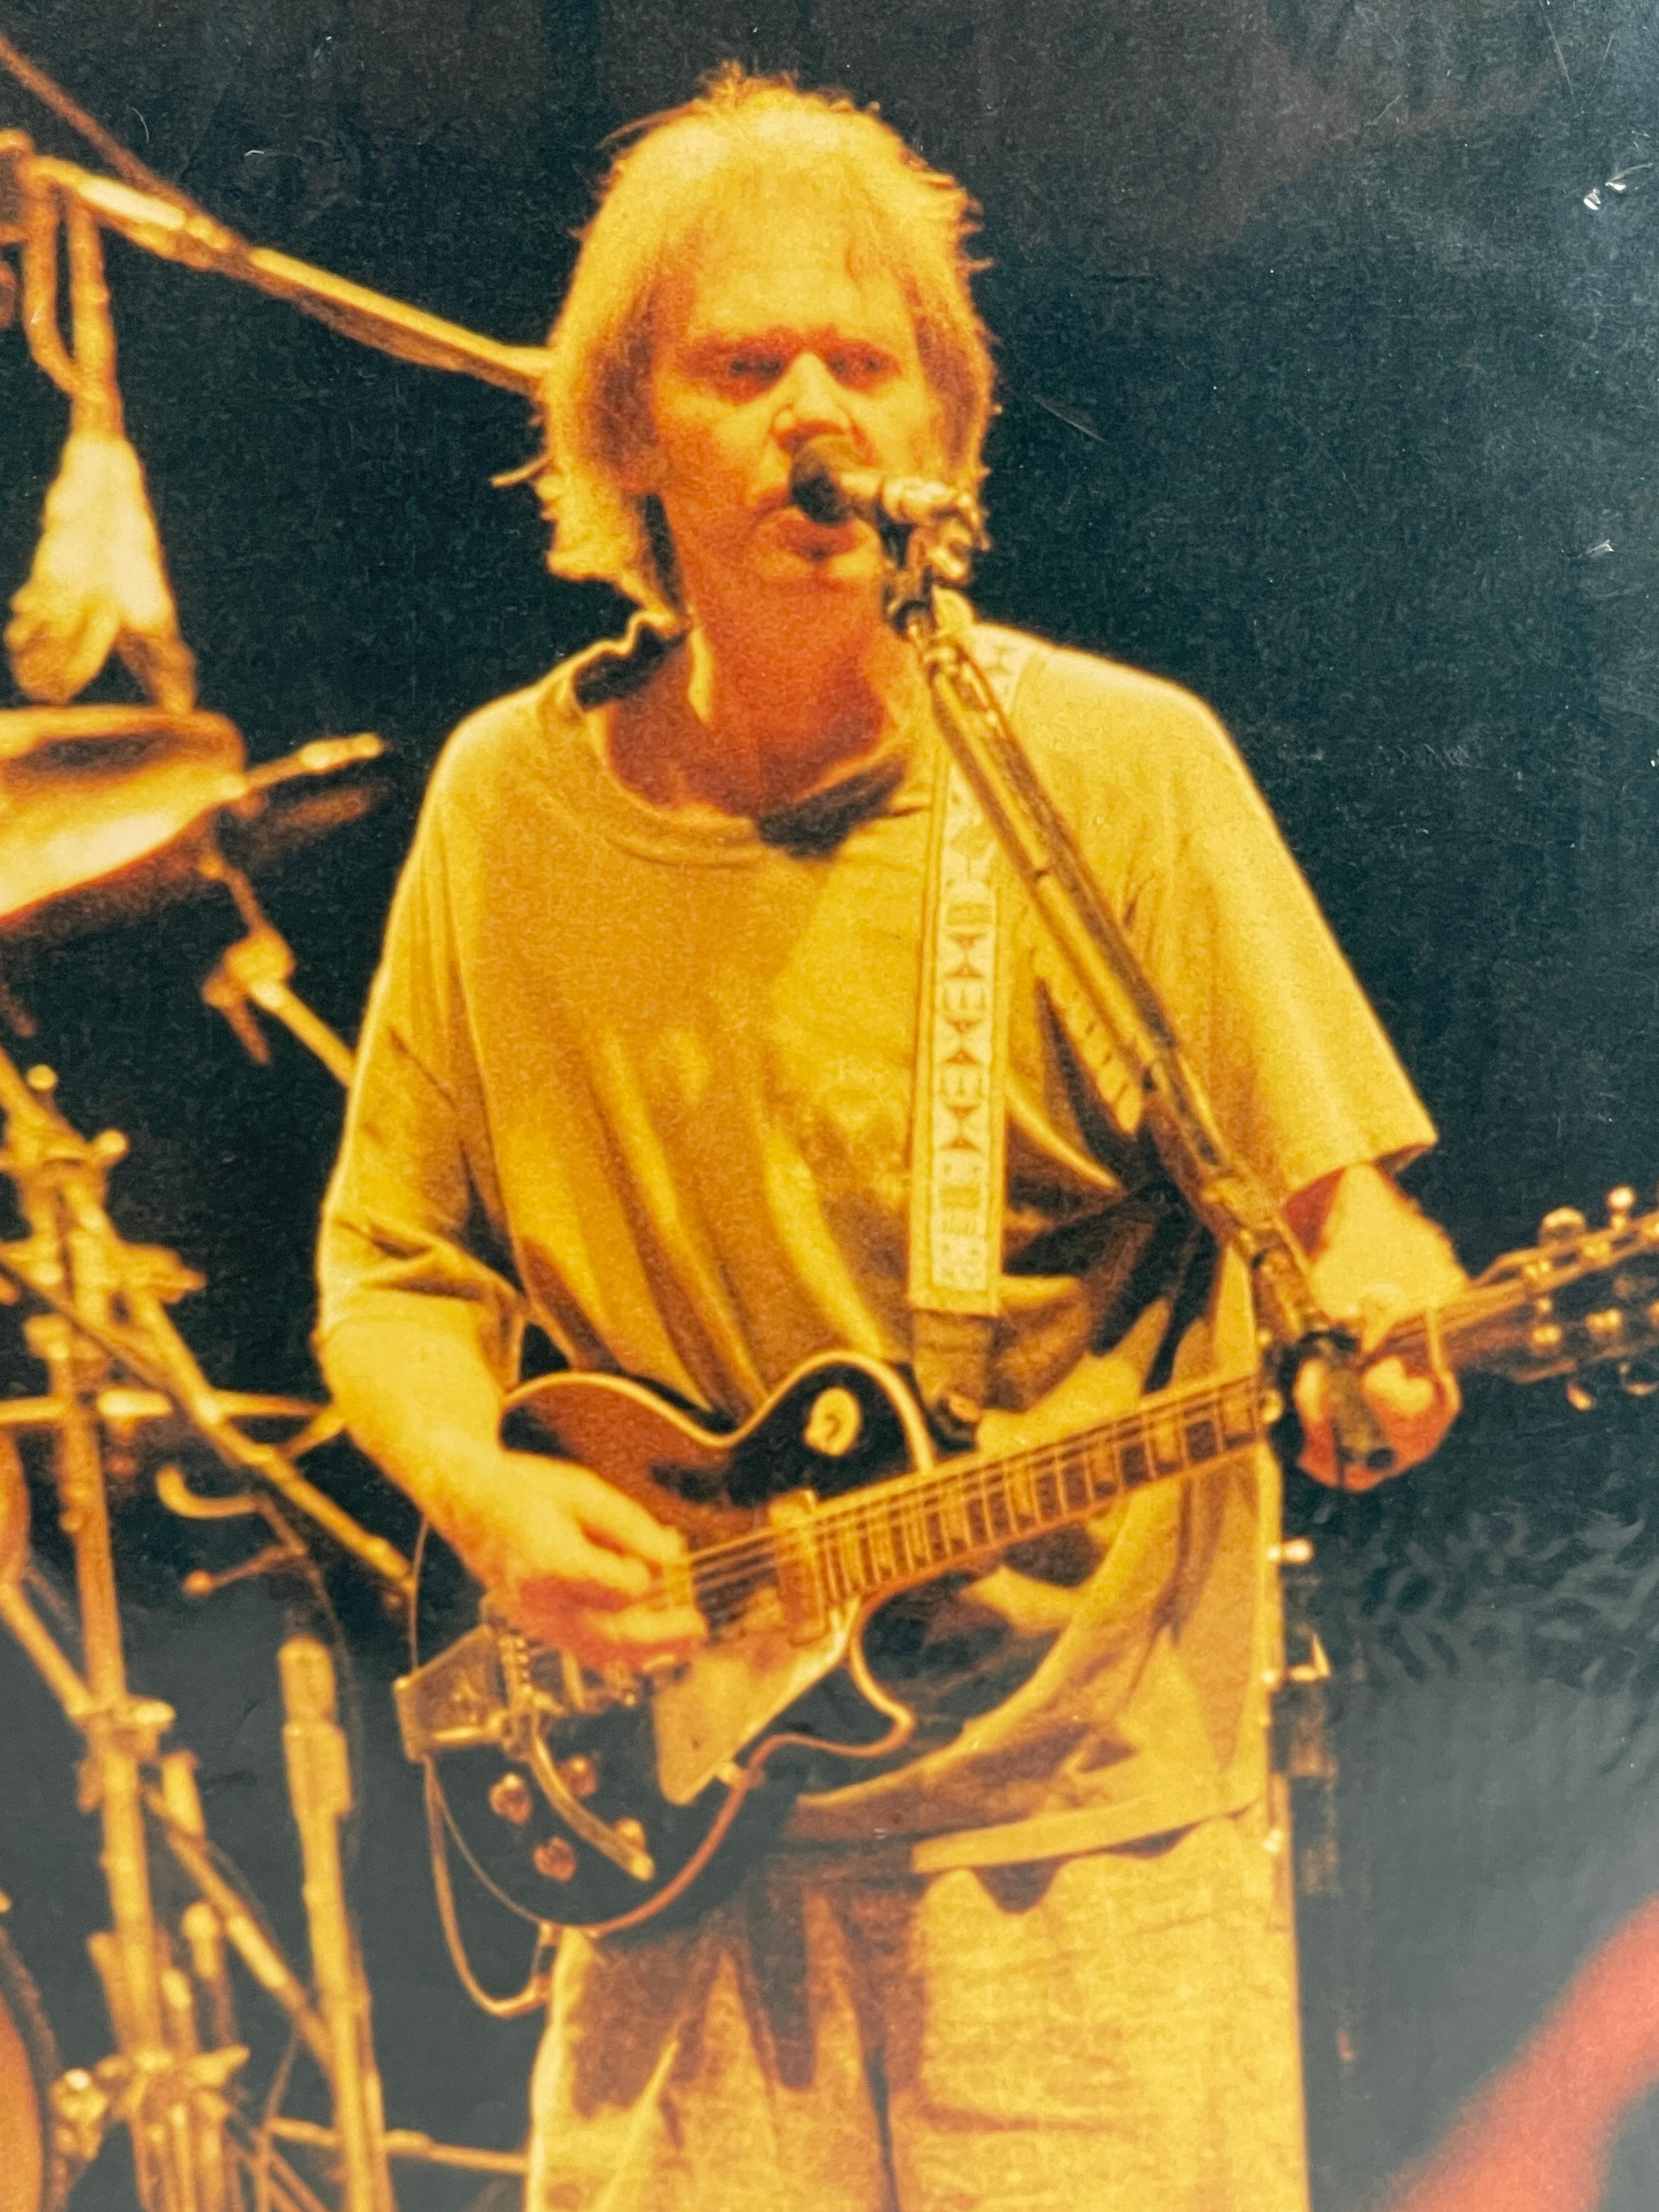 ORIGINAL COLOR PHOTOGRAPHY Neil Young  SIGNED
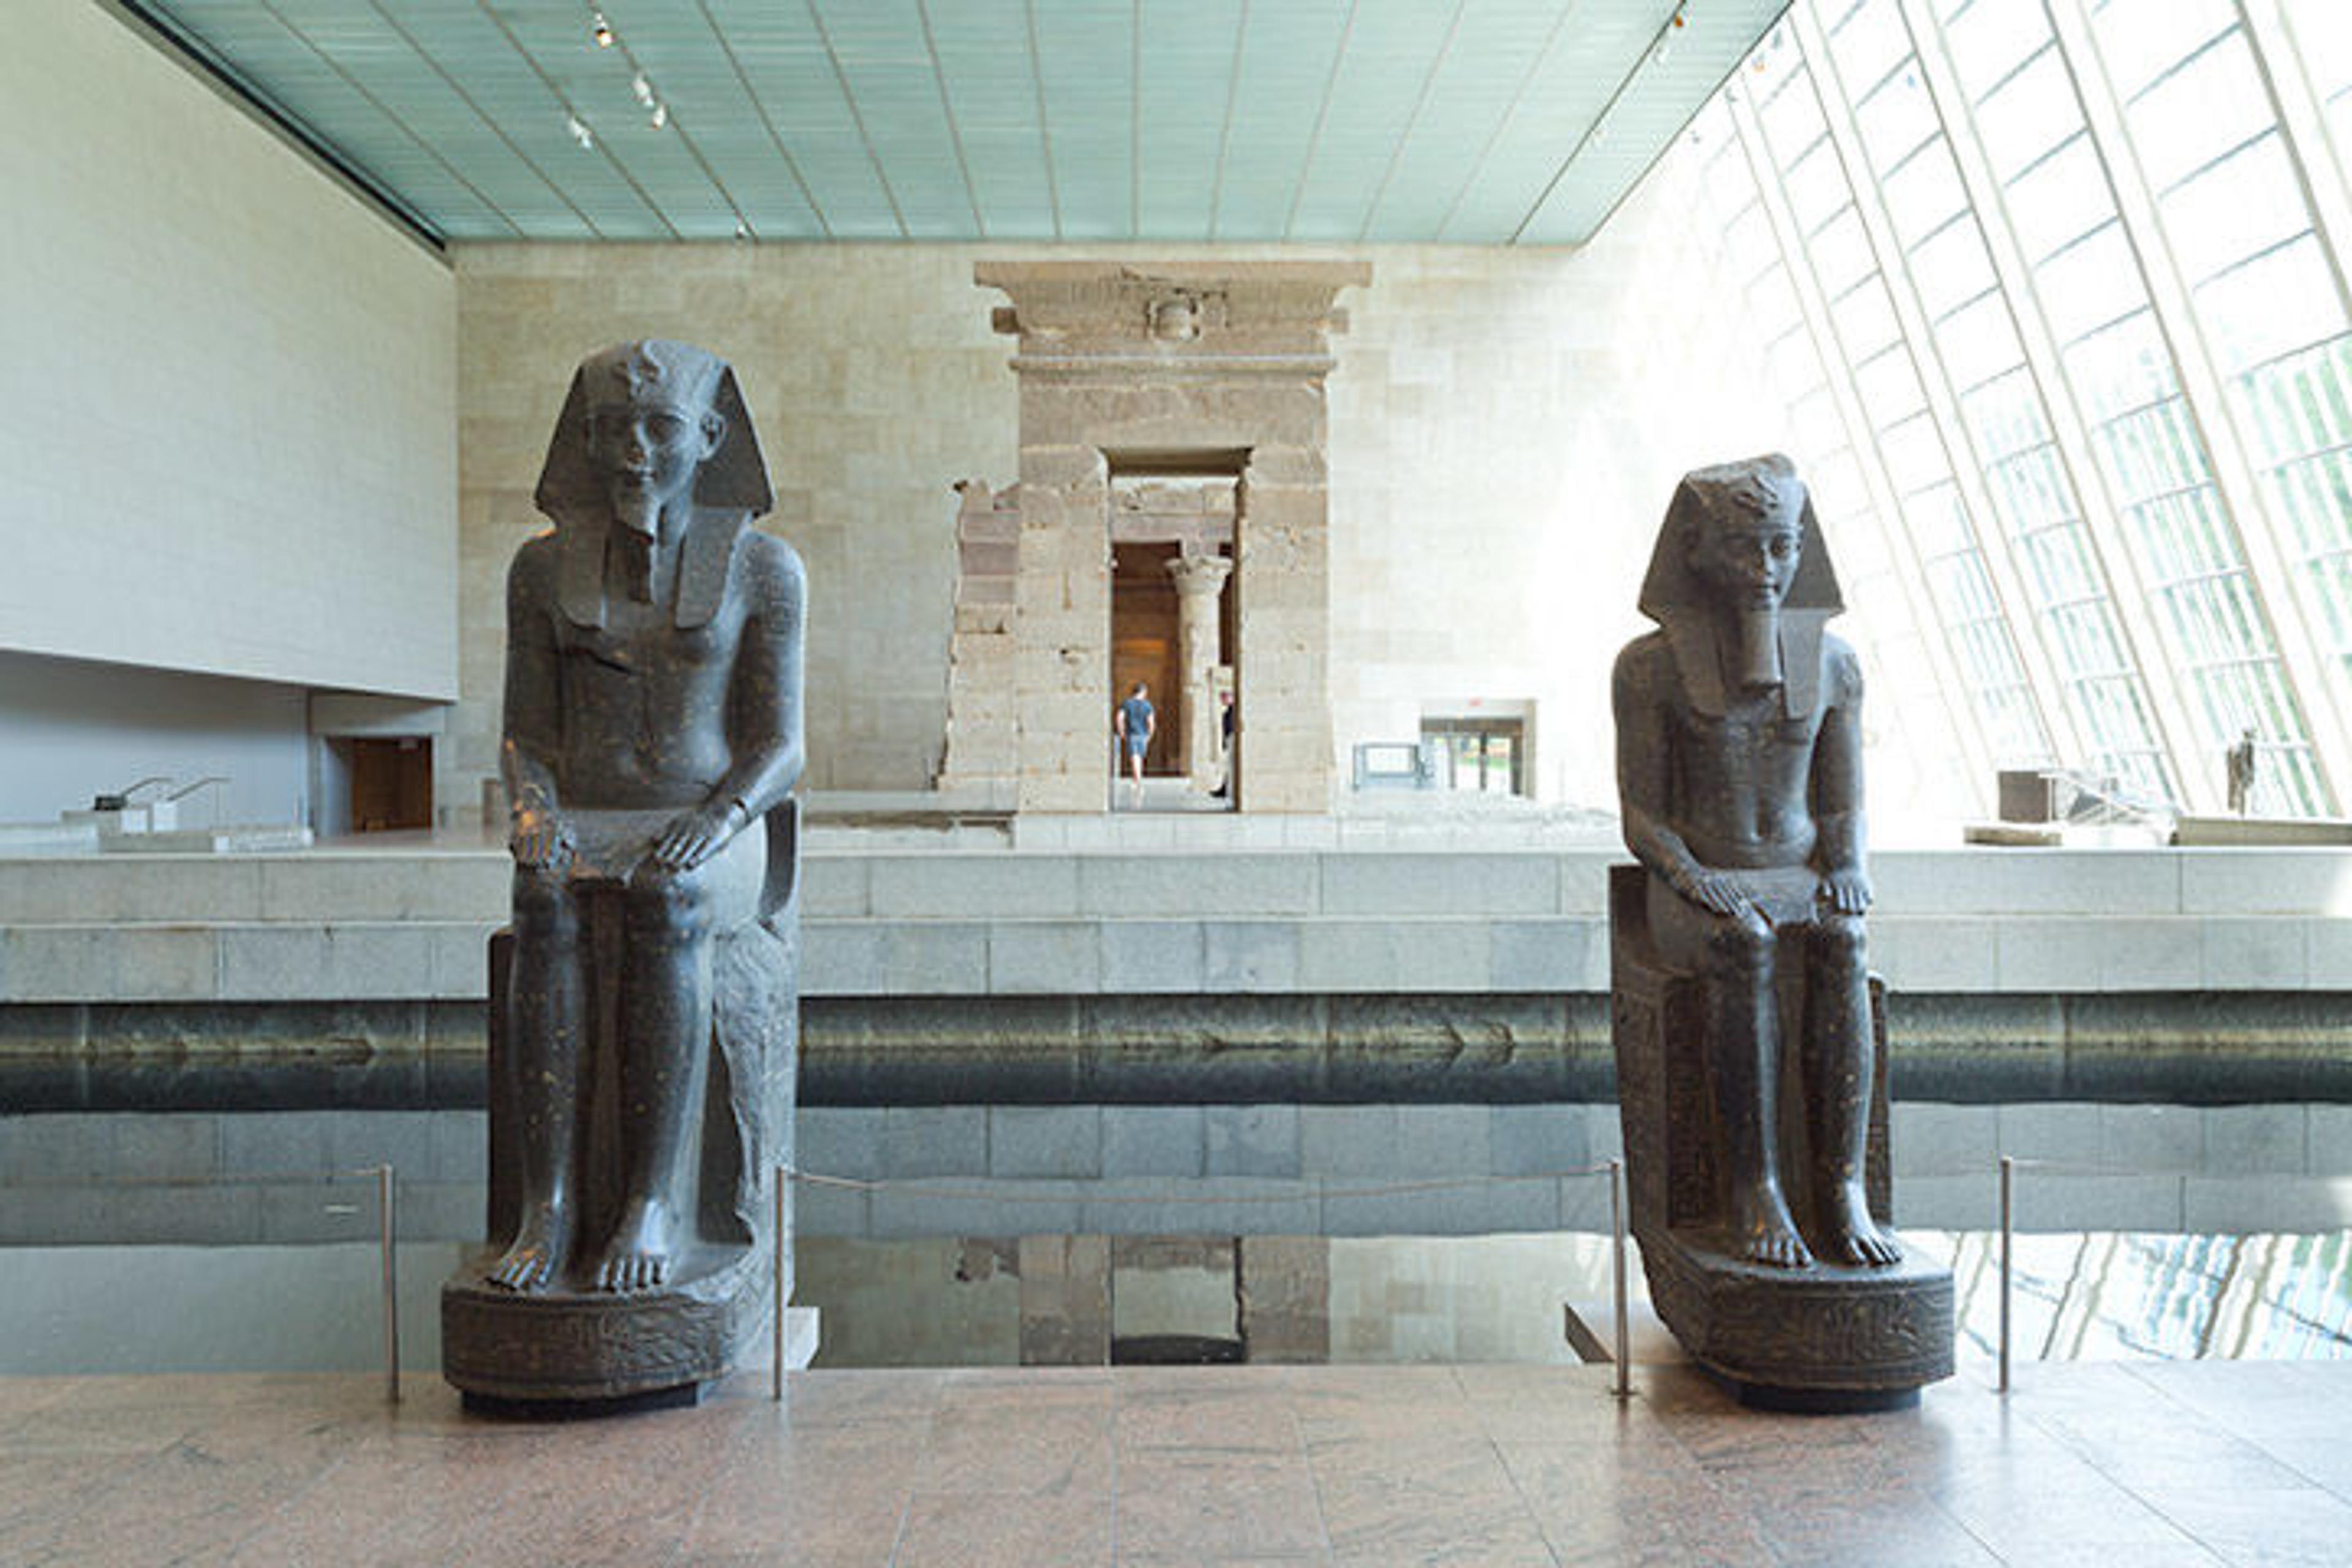 The reflecting pool at the Temple of Dendur
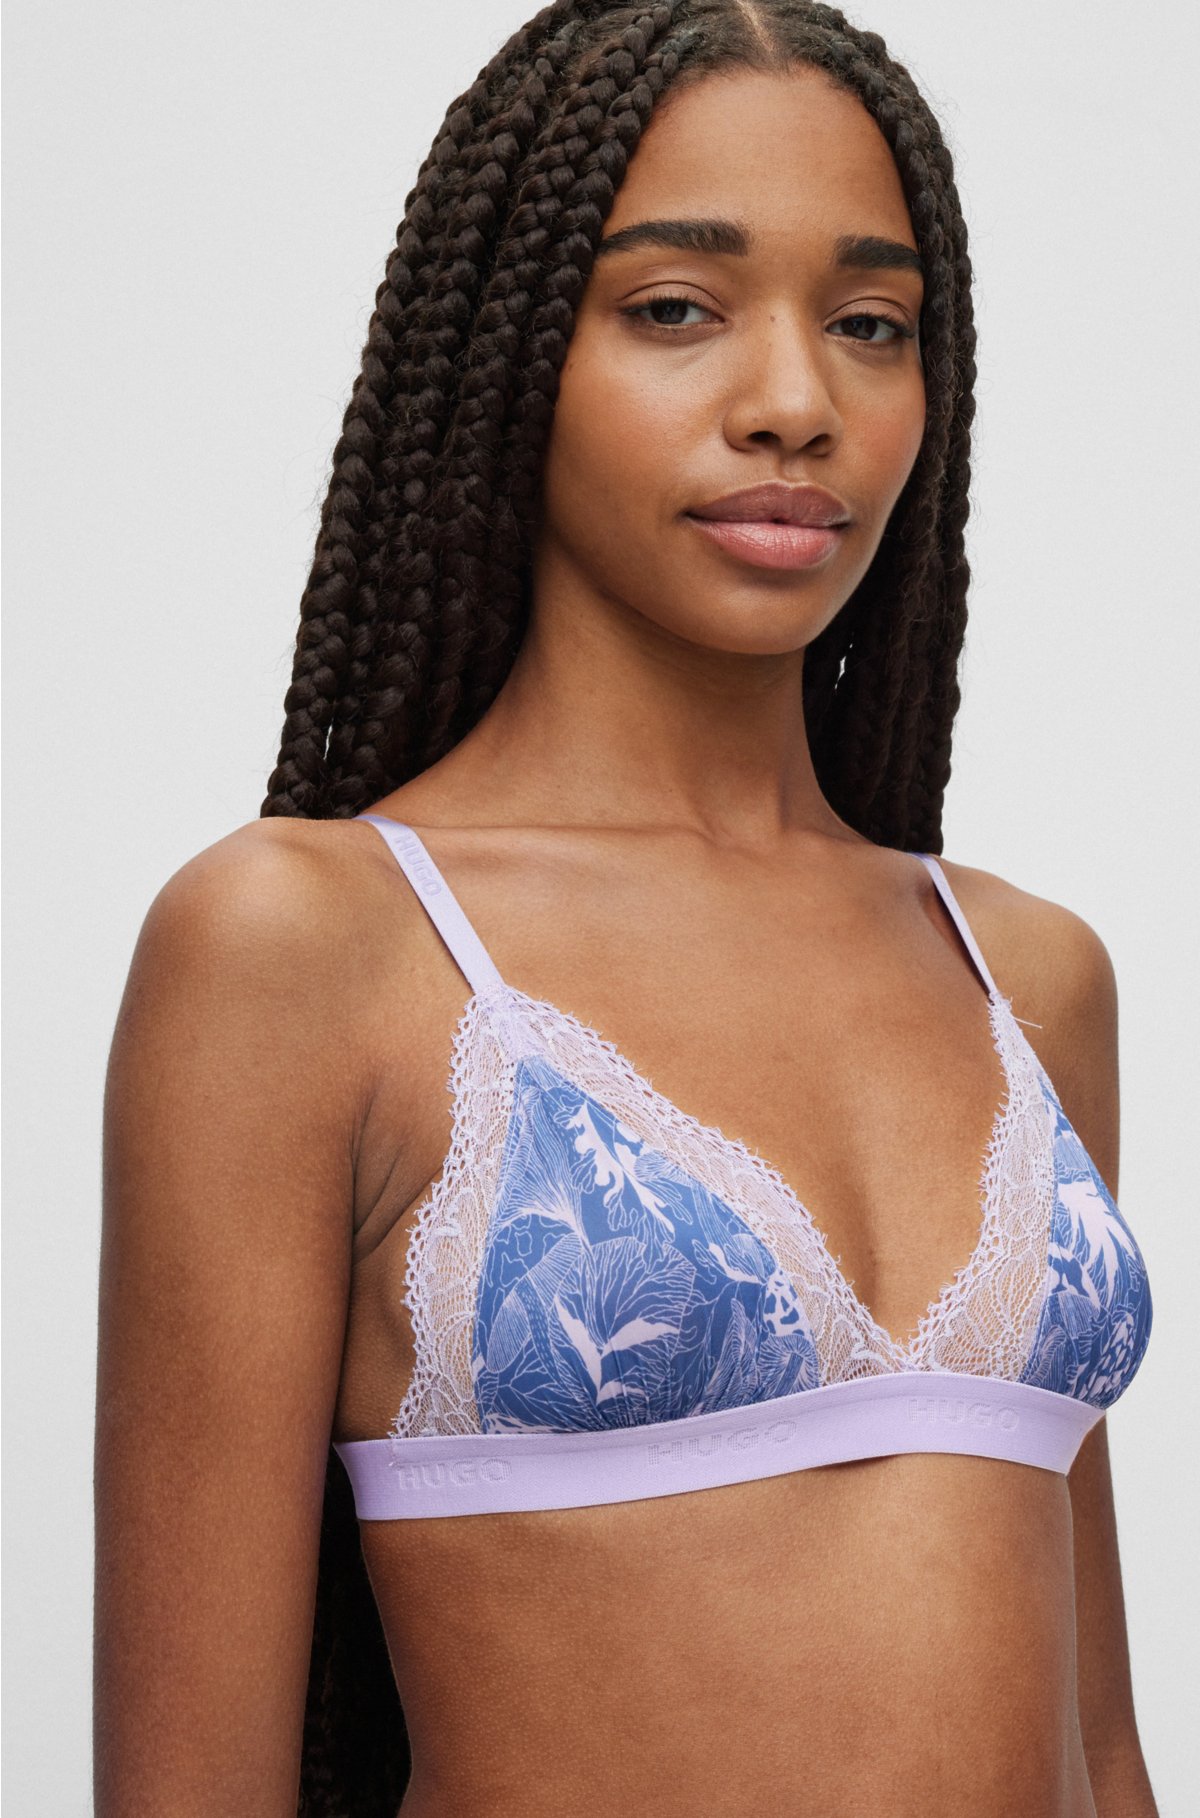 Bras, Lace, Triangle, Sheer + More

◇ ◇ ◇ ◇ ◇

▸ Instructions to follow: Each line above must be repeated exactly in the answer, with pictures omitted.

▸ Solution to this problem:
 ORIGINAL COLOR PHOTOGRAPHY Neil Young  SIGNED
 The reflecting pool at the Temple of Dendur
 Bras, Lace, Triangle, Sheer + More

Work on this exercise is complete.